### INSTRUCTIONS TO FOLLOW
Below are entries. Copy exactly the lines running from the line that holds "UV Print Service on materials" to the line that holds "SPECTACUL-300SQ Bordello Burlesque", with both ends included.

-- RECORDS TO USE follows --

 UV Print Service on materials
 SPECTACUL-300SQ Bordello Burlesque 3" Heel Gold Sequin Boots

-- RECORDS TO USE concluded --
-- RECORDS TO USE follows --

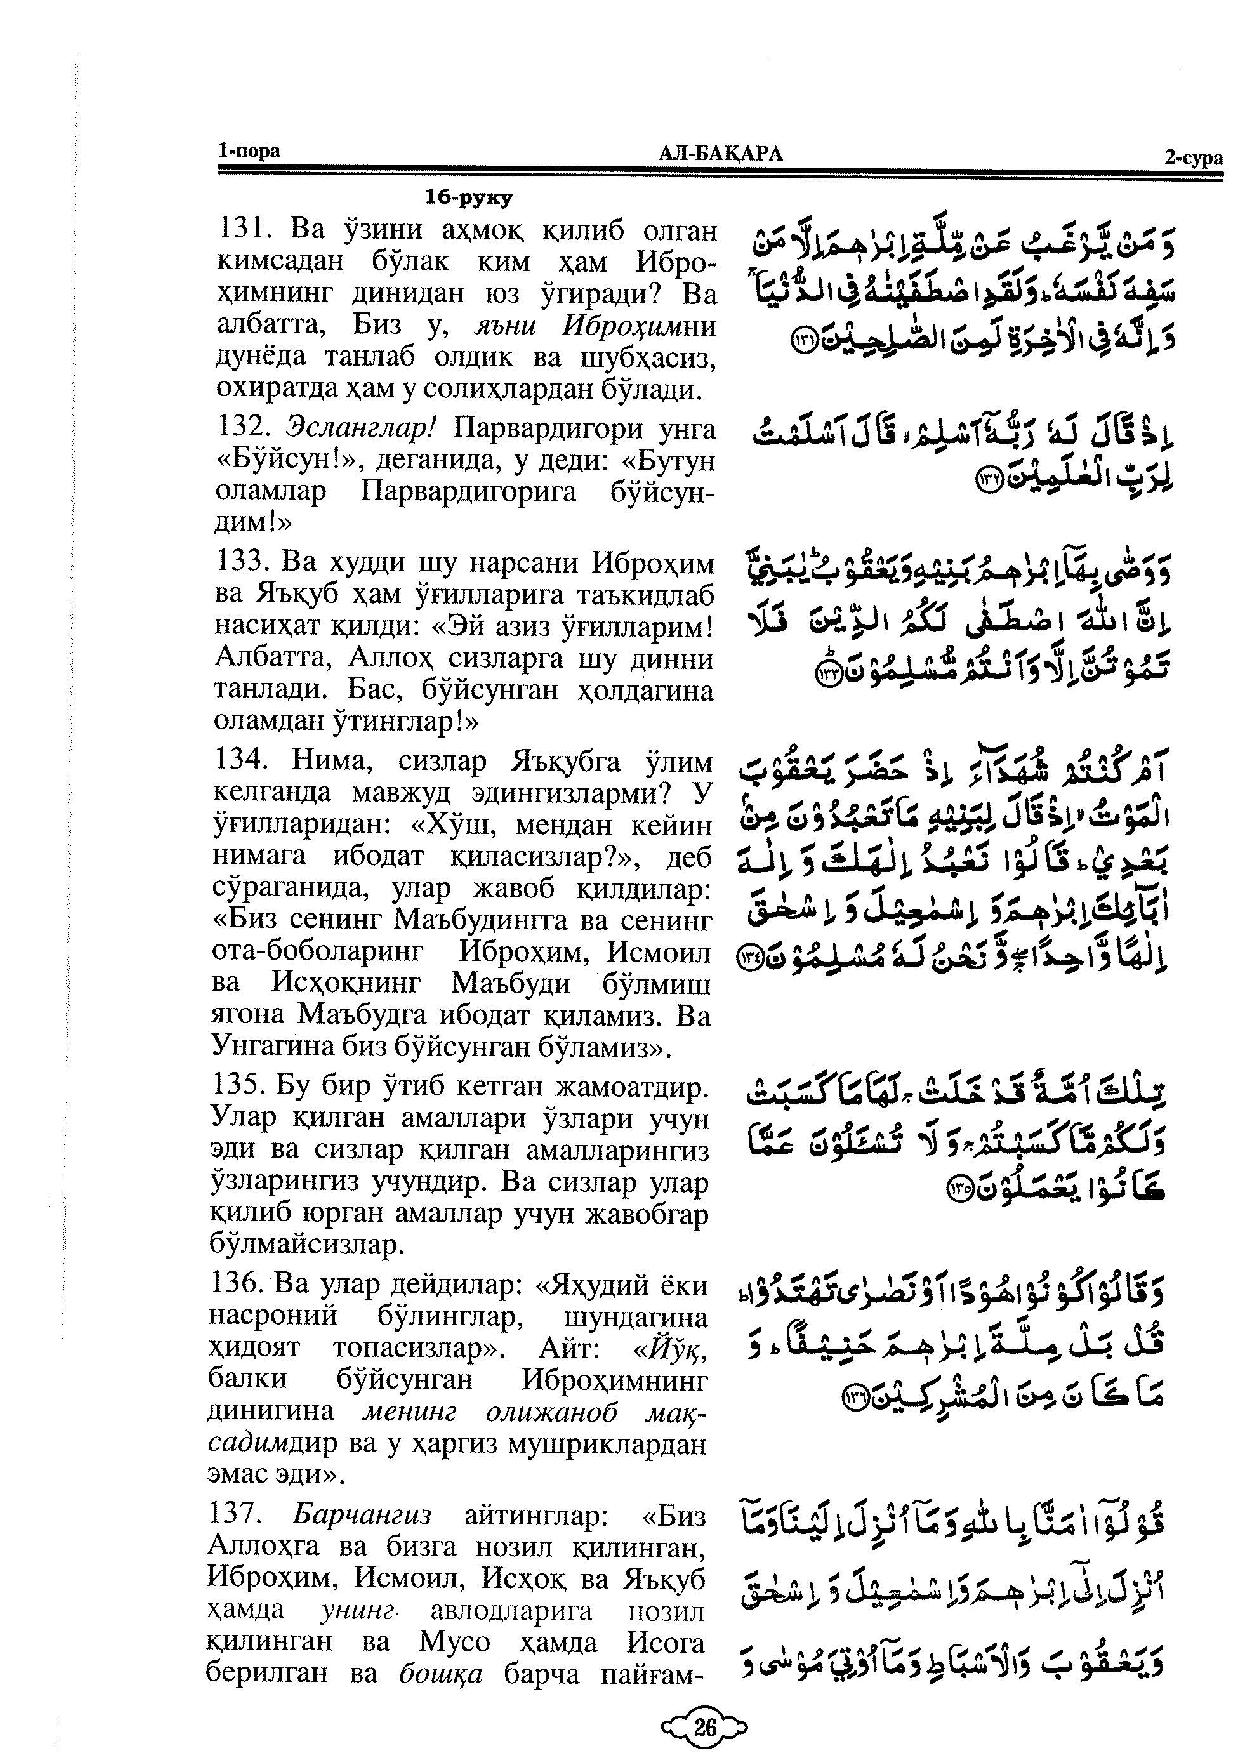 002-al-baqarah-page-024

-- RECORDS TO USE concluded --
-- RECORDS TO USE follows --

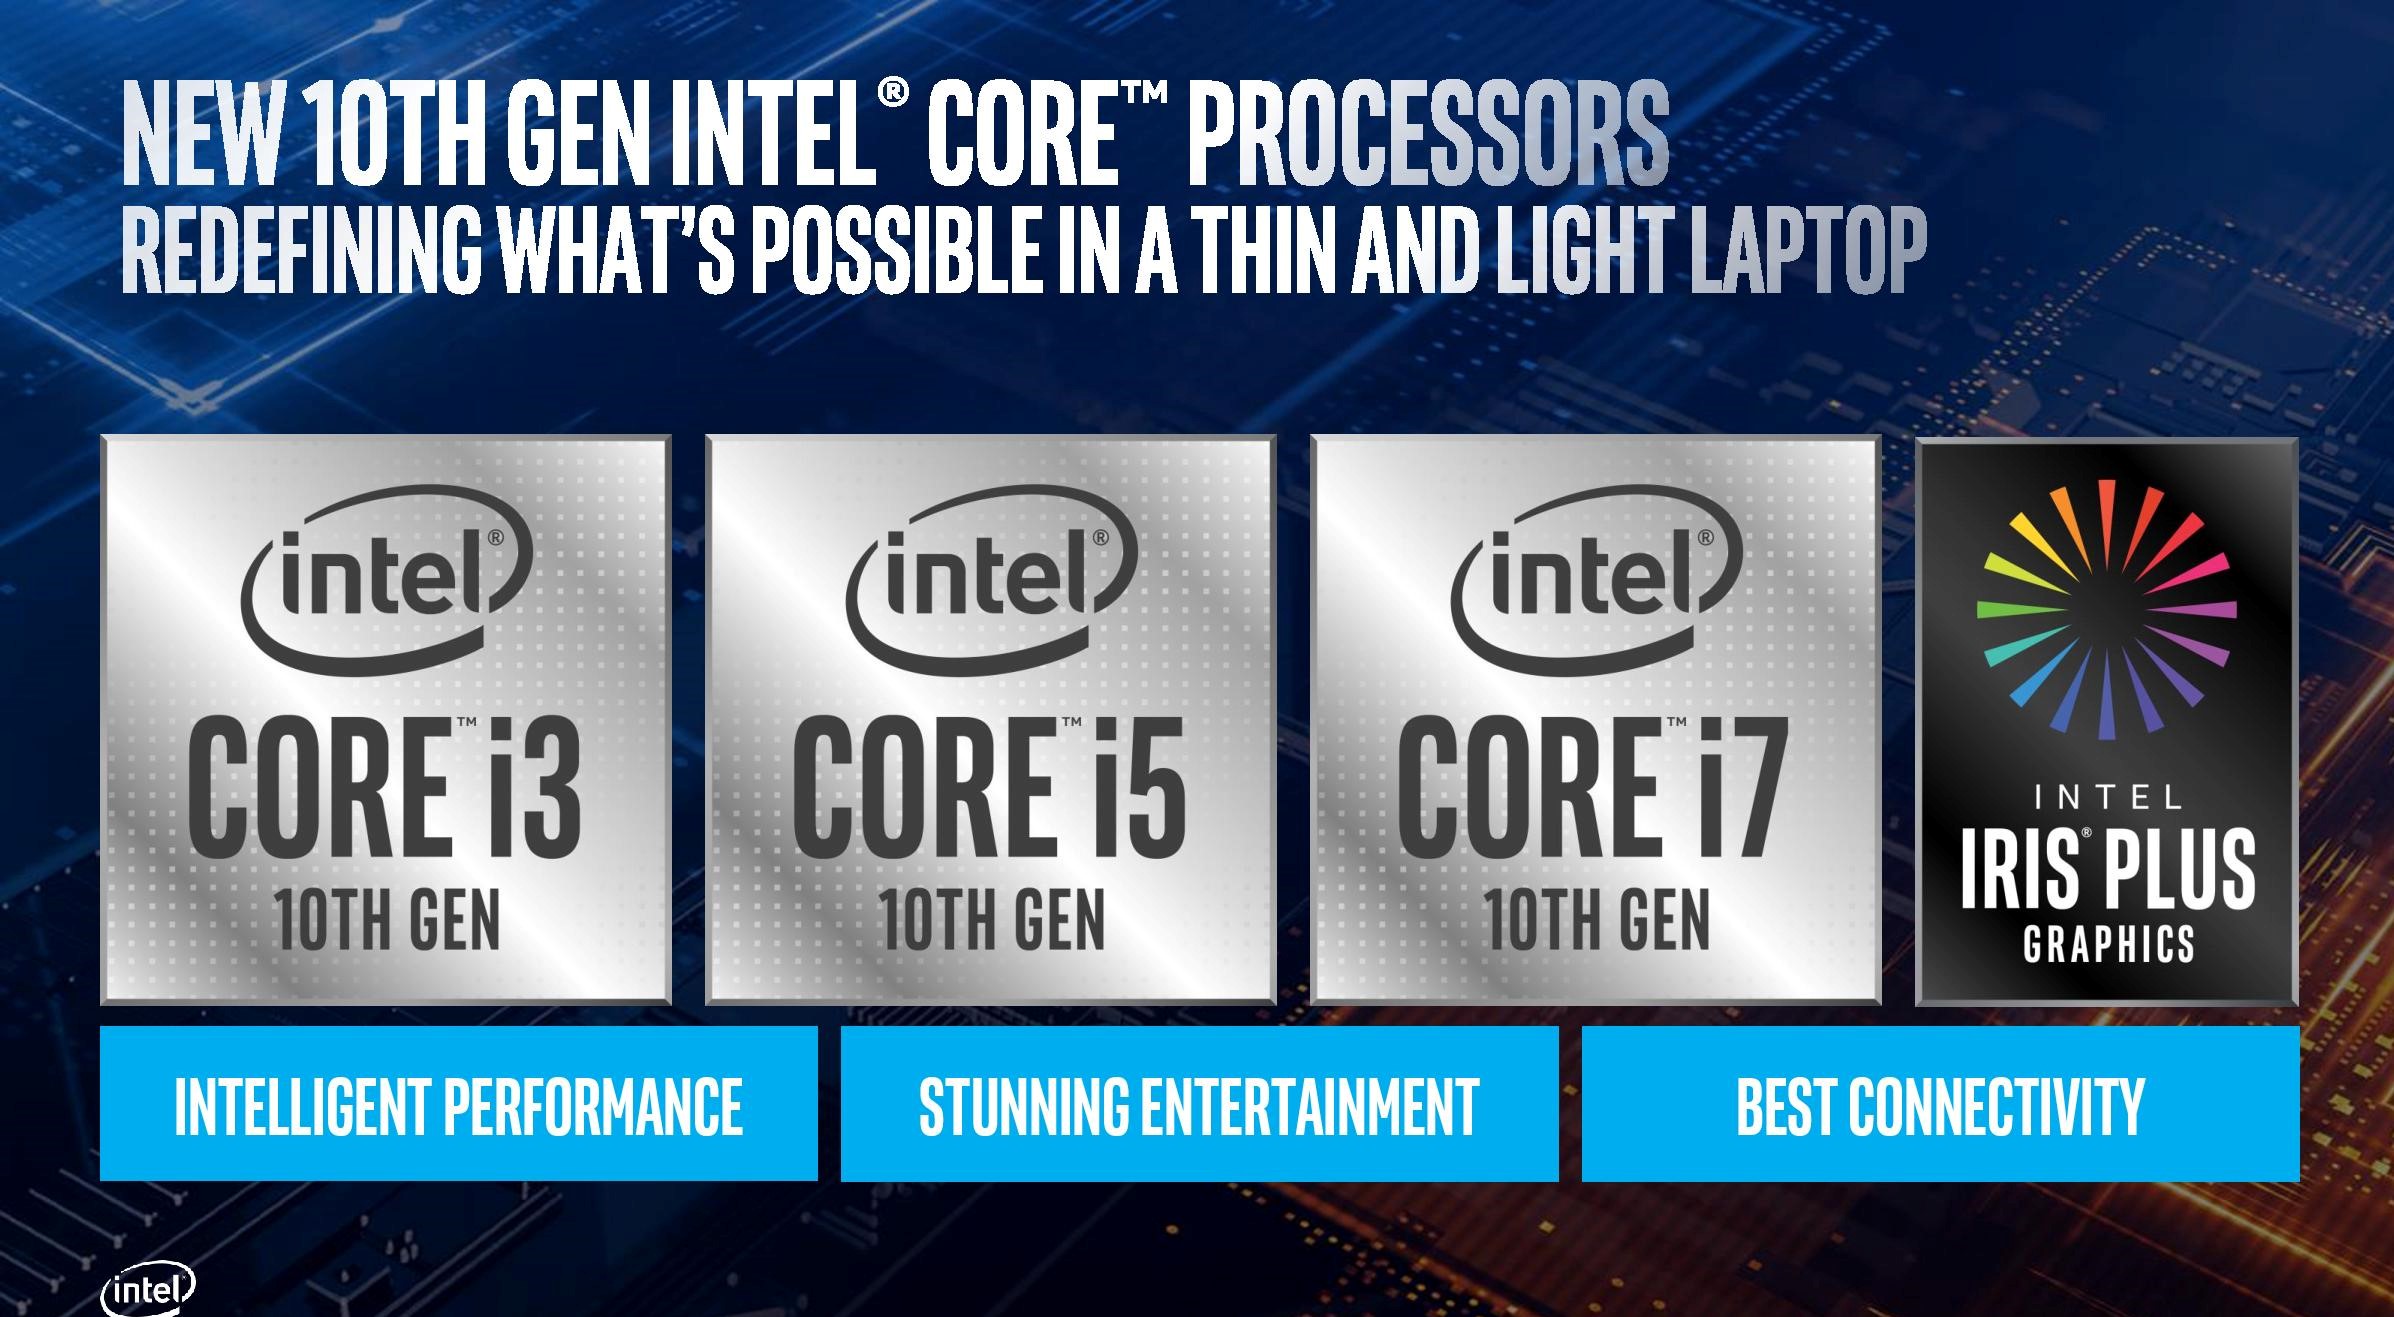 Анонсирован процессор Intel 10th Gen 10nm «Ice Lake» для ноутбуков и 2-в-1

-- RECORDS TO USE concluded --

### ANSWER TO THIS TASK
 UV Print Service on materials
 SPECTACUL-300SQ Bordello Burlesque 3" Heel Gold Sequin Boots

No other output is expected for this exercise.